Learning from mistakes can bring tough lessons when health and safety are involved. While major accidents and disasters such as plane crashes, industrial fires, medical equipment malfunctions, and bridge collapses are bound to happen, safety engineering professionals use these cases to study what went wrong. Using the lessons learned in these cases has led to the continued development of safety engineering. When preventive measures are identified, products and systems can be improved and risks reduced before accidents occur. Documenting test failures and successes can help engineers of all disciplines improve overall safety.

Compliance is typically a complementary concern of security engineering. If a dangerous or unsafe practice is discovered in an industrial process, for example, a safety engineer may be tasked with reviewing and updating procedures and educating employees on how to do their jobs more safely. Measurement of compliance can take the form of monitoring injuries and equipment or workflow failures. Making changes while monitoring and enforcing compliance can also be part of security engineering. This role can be complicated by the need to follow government, industry and corporate specifications and standards.

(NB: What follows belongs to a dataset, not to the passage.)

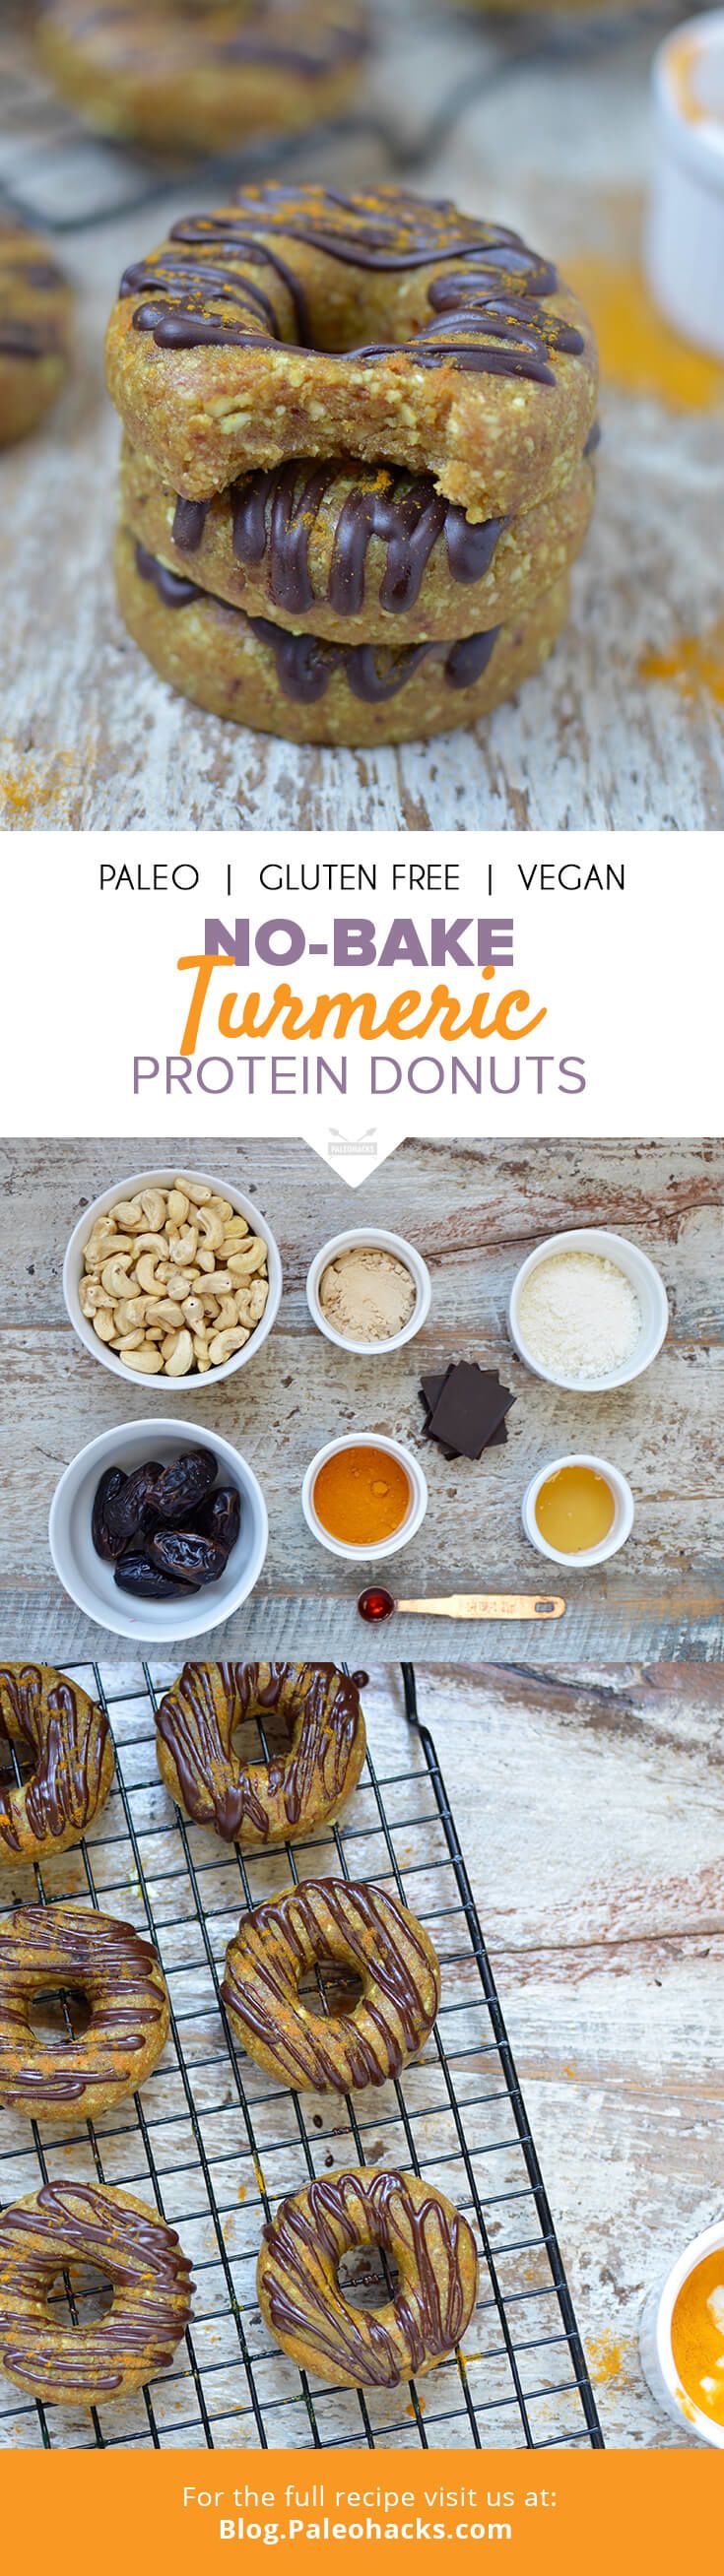 no-bake turmeric protein donuts pin

The opportunities for safety engineers are many. Working with an engineering or industrial company as a safety engineering manager is an option. Consulting as a contractor for companies looking to improve their safety record is also a possibility. Insurance companies may employ security specialists to consult on risk assessment and potential costs before providing insurance coverage. Assuming as little risk as possible is generally easier when safety is designed and opportunities for human error are minimized.